Whitney Casey, an investor who is partnering with Sinclair to create a do-it-yourself biological age test, said Sinclair wants to “make aging a disease”.

These mice are brother and sister, born from the same litter. One has been genetically altered to be old. Now scientists say they have been able to reverse aging as well. Credit: CNN

“His research shows you can change aging to make lives younger for longer, she said.

While modern medicine addresses sickness, it doesn’t address the underlying cause, “which for most diseases, is aging itself,” Sinclair said.

“We know that when we reverse the age of an organ like the brain in a mouse, the diseases of aging then go away. Memory comes back, there is no more dementia,” she said.

“I believe that in the future, delaying and reversing aging will be the best way to treat the diseases that plague most of us.”

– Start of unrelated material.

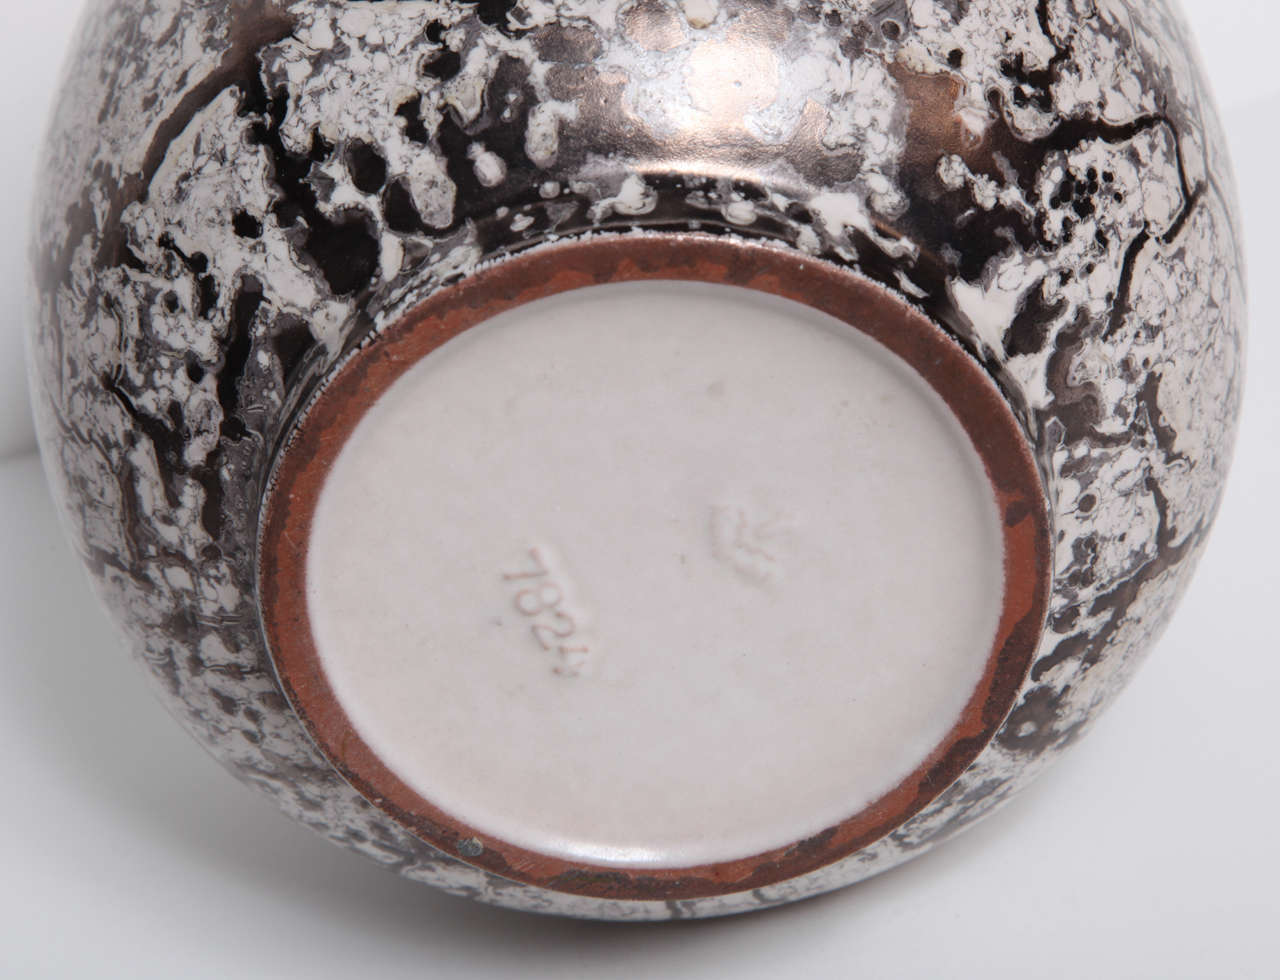 West German Pottery Ceramic Vase with Crackle Glaze 1

In Sinclair’s lab, two mice sit side by side. One is the picture of youth, the other gray and feeble.

Yet they are brother and sister, born from the same litter – only one has been genetically altered to age faster.

Scientists continue to attempt to reverse the aging process. Credit: Getty Images

If that could be done, Sinclair asked his team, could the reverse be accomplished as well? Japanese biomedical researcher Shinya Yamanaka had already reprogrammed human adult skin cells to behave like embryonic or pluripotent stem cells, capable of developing into any cell in the body.

The 2007 discovery won the scientist a Nobel Prize, and his “induced pluripotent stem cells,” soon became known as “Yamanaka factors.”

However, adult cells fully switched back to stem cells via Yamanaka factors lose their identity.

They forget they are blood, heart and skin cells, making them perfect for rebirth as “cell du jour,” but lousy at rejuvenation.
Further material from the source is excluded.